EP by Eleventyseven
- Released: August 17, 2012
- Genre: Americana, folk rock
- Length: 12:26
- Label: Rock Candy Recordings
- Producer: Matt Langston

Eleventyseven chronology
| Sugarfist (2011) | Attack of the Mountain Medley (2012) | Regifted (2012) |

= Attack of the Mountain Medley =

Attack of the Mountain Medley is the second official extended play by the Christian pop punk band Eleventyseven.

The EP was released digitally via iTunes on August 12, 2012. It was also released in a physical format, but is no longer in print as a set number of copies were made. The EP segued from the band's usual synthpop/pop-punk fusion genre into folk rock. The topics of the songs include aspects like Mormonism, trailer parks, the creation of the earth, and country romance.

Lead singer Matt Langston posted three videos which showcased some footage of the recording process behind the EP, as well as talking about release dates and social media.

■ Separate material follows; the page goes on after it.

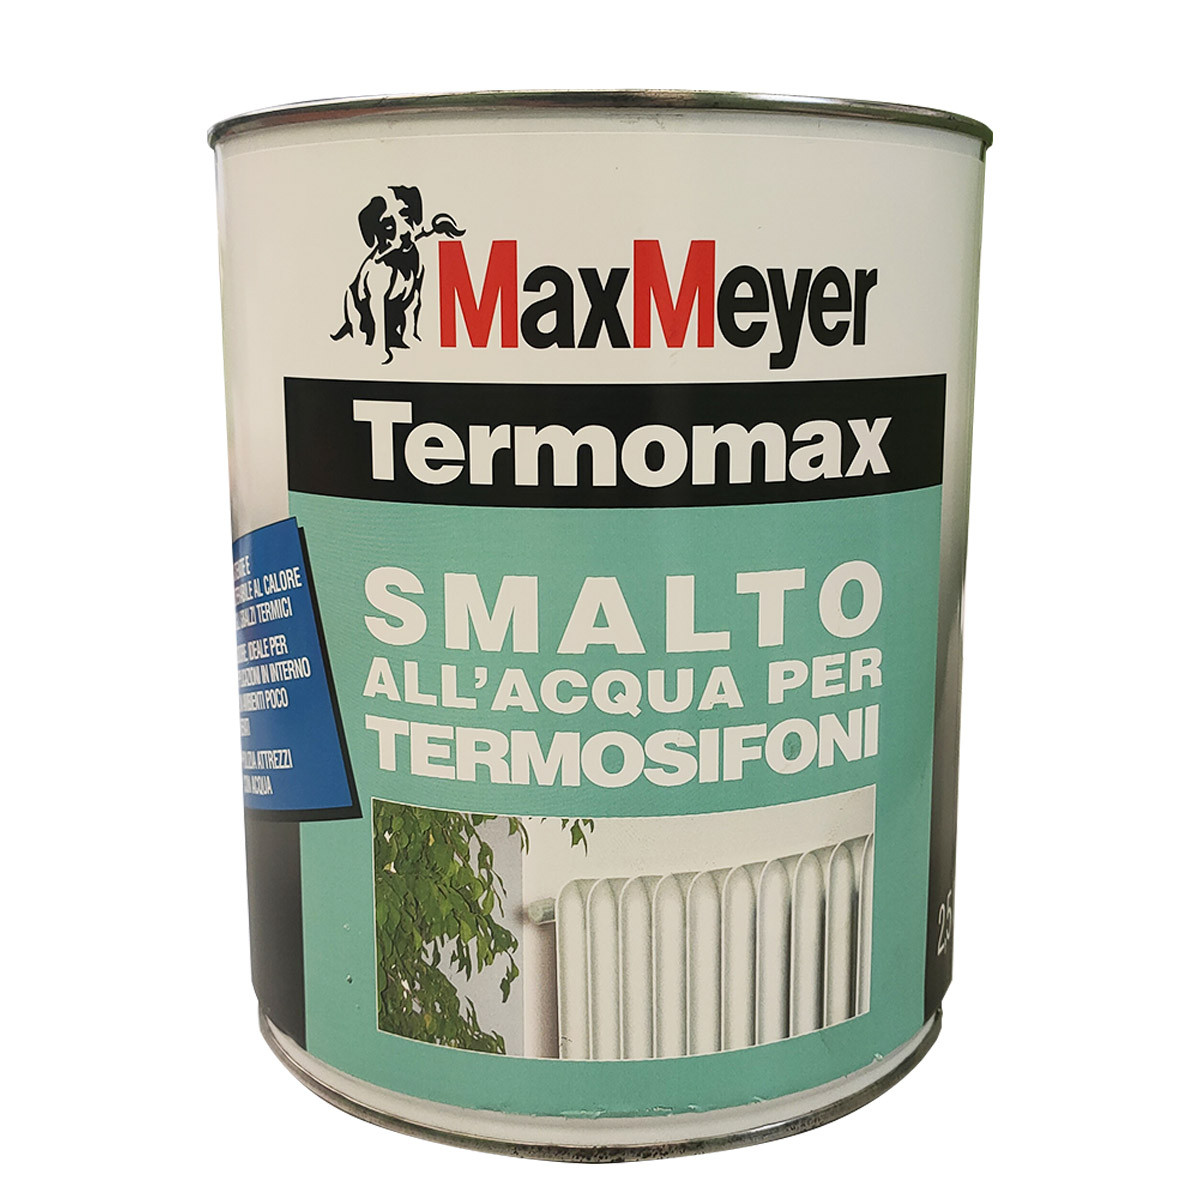 Smalto per termosifoni Termomax Max Meyer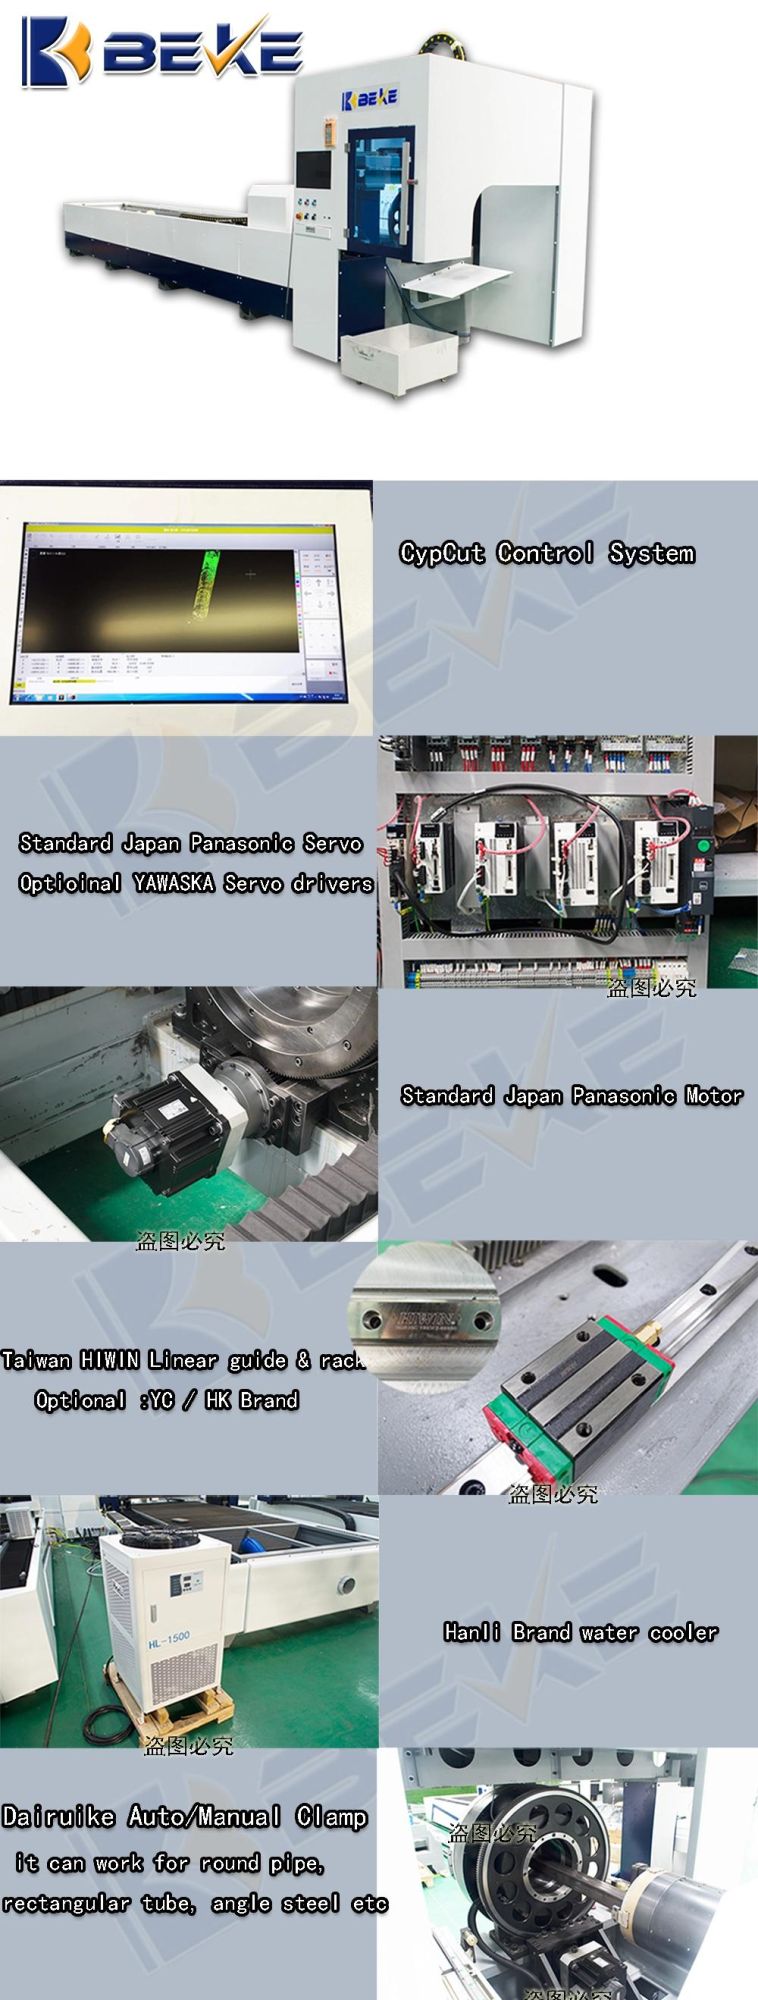 Aluminum Tube Fiber Laser Cutting Machine CNC Tube Cutter Machine Sale Online

On August 24, 2018, Langston released a track-by-track commentary of the EP on the band's Eleventylife podcast. The episode also debuted a new synthesized version of "Appalachian Wine". The redone song was then released on the band's Rad Science: B-Sides EP.

Professional ratings
Review scores
| Source | Rating |
| New Release Tuesday |  |
| Indie Vision Music |  |
| WeAreTheUpstate.com | (Favorable) |
| The Christian Music Review Blog |  |
| Mountain Xpress | (Favorable) |

==Reception==
Overall, the EP received positive reviews from professional music sites. Many of which noted that the band had gracefully moved from their typical synth-driven punk pop into folk for the release.

Indie Vision Music did note that "Attack of the Mountain Medley isn’t the album for everyone with some not-so-kid-friendly themes and a distinct musical flavor that certainly isn’t Top 40, but if you’re looking for some porch sittin’ music, look no further."

== Track listing ==

| No. | Title | Length |
|---|---|---|
| 1. | "Long Way Down" | 3:13 |
| 2. | "All the Doubt in Town" | 3:56 |
| 3. | "Nobody's Business" | 2:26 |
| 4. | "And I'm a Mormon" | 3:03 |
| 5. | "Appalachian Wine" | 3:44 |
| Total length: |  | 12:26 |

==Notes==
- The track "And I'm a Mormon" takes a satirical jab at the 2011 Mormon advertising campaign. This leads to many pop culture icons within the song such as references to Transformers, Battlestar Galactica, Star Wars, Green Day, Pokémon, and Independence Day. According to one review, the massive references are done in an attempt to "exaggerate how the media seemed to portray Mormons as an evolved species" due to their ads.